* _Exercise description_
The records beneath should be restated word for word.

* _Listed records_
┄┄┄┄┄┄┄┄┄┄┄┄┄┄┄┄┄┄┄┄

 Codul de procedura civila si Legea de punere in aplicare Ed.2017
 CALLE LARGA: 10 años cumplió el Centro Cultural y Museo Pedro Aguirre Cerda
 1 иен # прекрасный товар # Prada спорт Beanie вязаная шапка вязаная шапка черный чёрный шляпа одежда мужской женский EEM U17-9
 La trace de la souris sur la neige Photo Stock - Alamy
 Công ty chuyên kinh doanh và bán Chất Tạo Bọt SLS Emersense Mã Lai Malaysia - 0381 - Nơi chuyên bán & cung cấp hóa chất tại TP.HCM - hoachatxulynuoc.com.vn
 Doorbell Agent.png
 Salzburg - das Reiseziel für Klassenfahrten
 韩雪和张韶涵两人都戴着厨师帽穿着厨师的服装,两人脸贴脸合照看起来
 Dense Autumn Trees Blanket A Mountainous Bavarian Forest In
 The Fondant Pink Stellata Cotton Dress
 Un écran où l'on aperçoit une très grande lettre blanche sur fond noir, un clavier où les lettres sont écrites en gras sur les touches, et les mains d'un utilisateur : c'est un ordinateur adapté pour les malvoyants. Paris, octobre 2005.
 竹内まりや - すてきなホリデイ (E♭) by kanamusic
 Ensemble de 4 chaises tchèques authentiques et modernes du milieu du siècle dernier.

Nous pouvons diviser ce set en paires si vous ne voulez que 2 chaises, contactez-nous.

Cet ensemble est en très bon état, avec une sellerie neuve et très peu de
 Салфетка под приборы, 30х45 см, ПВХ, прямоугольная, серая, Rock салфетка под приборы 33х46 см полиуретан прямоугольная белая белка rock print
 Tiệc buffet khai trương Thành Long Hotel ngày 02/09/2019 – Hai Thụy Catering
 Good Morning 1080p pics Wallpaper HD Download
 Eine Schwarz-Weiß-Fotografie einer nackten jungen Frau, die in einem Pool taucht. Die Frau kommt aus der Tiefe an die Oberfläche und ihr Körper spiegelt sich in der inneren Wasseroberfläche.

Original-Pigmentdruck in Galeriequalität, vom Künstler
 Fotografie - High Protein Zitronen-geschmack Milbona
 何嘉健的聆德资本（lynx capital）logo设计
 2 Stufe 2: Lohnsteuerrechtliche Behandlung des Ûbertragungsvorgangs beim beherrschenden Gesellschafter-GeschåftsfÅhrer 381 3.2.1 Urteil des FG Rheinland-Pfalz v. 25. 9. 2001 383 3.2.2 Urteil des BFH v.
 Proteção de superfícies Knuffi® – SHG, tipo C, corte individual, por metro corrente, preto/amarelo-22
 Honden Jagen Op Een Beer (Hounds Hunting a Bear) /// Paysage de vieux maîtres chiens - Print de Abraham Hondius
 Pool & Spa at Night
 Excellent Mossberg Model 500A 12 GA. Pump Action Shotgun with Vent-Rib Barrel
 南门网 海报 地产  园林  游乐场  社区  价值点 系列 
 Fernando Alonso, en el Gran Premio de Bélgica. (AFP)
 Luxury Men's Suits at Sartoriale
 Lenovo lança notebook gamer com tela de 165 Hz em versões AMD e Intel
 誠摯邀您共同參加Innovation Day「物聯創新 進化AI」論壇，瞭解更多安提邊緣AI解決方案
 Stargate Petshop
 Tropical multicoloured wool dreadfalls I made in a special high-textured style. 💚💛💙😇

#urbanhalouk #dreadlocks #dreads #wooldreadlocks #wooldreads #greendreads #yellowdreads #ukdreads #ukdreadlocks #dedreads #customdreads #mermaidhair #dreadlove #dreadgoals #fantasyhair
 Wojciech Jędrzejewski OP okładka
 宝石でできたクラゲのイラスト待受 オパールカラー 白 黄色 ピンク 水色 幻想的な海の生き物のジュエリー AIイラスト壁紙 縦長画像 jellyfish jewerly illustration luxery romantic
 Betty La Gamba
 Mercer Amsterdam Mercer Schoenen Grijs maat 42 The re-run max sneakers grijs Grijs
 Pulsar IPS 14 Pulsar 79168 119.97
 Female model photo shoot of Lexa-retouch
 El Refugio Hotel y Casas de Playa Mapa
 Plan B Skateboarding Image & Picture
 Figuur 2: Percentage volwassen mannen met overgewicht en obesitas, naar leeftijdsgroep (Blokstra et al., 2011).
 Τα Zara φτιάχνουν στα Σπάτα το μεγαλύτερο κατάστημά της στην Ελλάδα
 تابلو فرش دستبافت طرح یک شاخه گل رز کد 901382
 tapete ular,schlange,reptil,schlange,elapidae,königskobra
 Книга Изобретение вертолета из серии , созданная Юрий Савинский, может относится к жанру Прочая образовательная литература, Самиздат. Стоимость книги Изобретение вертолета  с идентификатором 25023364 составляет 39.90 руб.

┄┄┄┄┄┄┄┄┄┄┄┄┄┄┄┄┄┄┄┄

* _Finished exercise_
 Codul de procedura civila si Legea de punere in aplicare Ed.2017
 CALLE LARGA: 10 años cumplió el Centro Cultural y Museo Pedro Aguirre Cerda
 1 иен # прекрасный товар # Prada спорт Beanie вязаная шапка вязаная шапка черный чёрный шляпа одежда мужской женский EEM U17-9
 La trace de la souris sur la neige Photo Stock - Alamy
 Công ty chuyên kinh doanh và bán Chất Tạo Bọt SLS Emersense Mã Lai Malaysia - 0381 - Nơi chuyên bán & cung cấp hóa chất tại TP.HCM - hoachatxulynuoc.com.vn
 Doorbell Agent.png
 Salzburg - das Reiseziel für Klassenfahrten
 韩雪和张韶涵两人都戴着厨师帽穿着厨师的服装,两人脸贴脸合照看起来
 Dense Autumn Trees Blanket A Mountainous Bavarian Forest In
 The Fondant Pink Stellata Cotton Dress
 Un écran où l'on aperçoit une très grande lettre blanche sur fond noir, un clavier où les lettres sont écrites en gras sur les touches, et les mains d'un utilisateur : c'est un ordinateur adapté pour les malvoyants. Paris, octobre 2005.
 竹内まりや - すてきなホリデイ (E♭) by kanamusic
 Ensemble de 4 chaises tchèques authentiques et modernes du milieu du siècle dernier.

Nous pouvons diviser ce set en paires si vous ne voulez que 2 chaises, contactez-nous.

Cet ensemble est en très bon état, avec une sellerie neuve et très peu de
 Салфетка под приборы, 30х45 см, ПВХ, прямоугольная, серая, Rock салфетка под приборы 33х46 см полиуретан прямоугольная белая белка rock print
 Tiệc buffet khai trương Thành Long Hotel ngày 02/09/2019 – Hai Thụy Catering
 Good Morning 1080p pics Wallpaper HD Download
 Eine Schwarz-Weiß-Fotografie einer nackten jungen Frau, die in einem Pool taucht. Die Frau kommt aus der Tiefe an die Oberfläche und ihr Körper spiegelt sich in der inneren Wasseroberfläche.

Original-Pigmentdruck in Galeriequalität, vom Künstler
 Fotografie - High Protein Zitronen-geschmack Milbona
 何嘉健的聆德资本（lynx capital）logo设计
 2 Stufe 2: Lohnsteuerrechtliche Behandlung des Ûbertragungsvorgangs beim beherrschenden Gesellschafter-GeschåftsfÅhrer 381 3.2.1 Urteil des FG Rheinland-Pfalz v. 25. 9. 2001 383 3.2.2 Urteil des BFH v.
 Proteção de superfícies Knuffi® – SHG, tipo C, corte individual, por metro corrente, preto/amarelo-22
 Honden Jagen Op Een Beer (Hounds Hunting a Bear) /// Paysage de vieux maîtres chiens - Print de Abraham Hondius
 Pool & Spa at Night
 Excellent Mossberg Model 500A 12 GA. Pump Action Shotgun with Vent-Rib Barrel
 南门网 海报 地产  园林  游乐场  社区  价值点 系列 
 Fernando Alonso, en el Gran Premio de Bélgica. (AFP)
 Luxury Men's Suits at Sartoriale
 Lenovo lança notebook gamer com tela de 165 Hz em versões AMD e Intel
 誠摯邀您共同參加Innovation Day「物聯創新 進化AI」論壇，瞭解更多安提邊緣AI解決方案
 Stargate Petshop
 Tropical multicoloured wool dreadfalls I made in a special high-textured style. 💚💛💙😇

#urbanhalouk #dreadlocks #dreads #wooldreadlocks #wooldreads #greendreads #yellowdreads #ukdreads #ukdreadlocks #dedreads #customdreads #mermaidhair #dreadlove #dreadgoals #fantasyhair
 Wojciech Jędrzejewski OP okładka
 宝石でできたクラゲのイラスト待受 オパールカラー 白 黄色 ピンク 水色 幻想的な海の生き物のジュエリー AIイラスト壁紙 縦長画像 jellyfish jewerly illustration luxery romantic
 Betty La Gamba
 Mercer Amsterdam Mercer Schoenen Grijs maat 42 The re-run max sneakers grijs Grijs
 Pulsar IPS 14 Pulsar 79168 119.97
 Female model photo shoot of Lexa-retouch
 El Refugio Hotel y Casas de Playa Mapa
 Plan B Skateboarding Image & Picture
 Figuur 2: Percentage volwassen mannen met overgewicht en obesitas, naar leeftijdsgroep (Blokstra et al., 2011).
 Τα Zara φτιάχνουν στα Σπάτα το μεγαλύτερο κατάστημά της στην Ελλάδα
 تابلو فرش دستبافت طرح یک شاخه گل رز کد 901382
 tapete ular,schlange,reptil,schlange,elapidae,königskobra
 Книга Изобретение вертолета из серии , созданная Юрий Савинский, может относится к жанру Прочая образовательная литература, Самиздат. Стоимость книги Изобретение вертолета  с идентификатором 25023364 составляет 39.90 руб.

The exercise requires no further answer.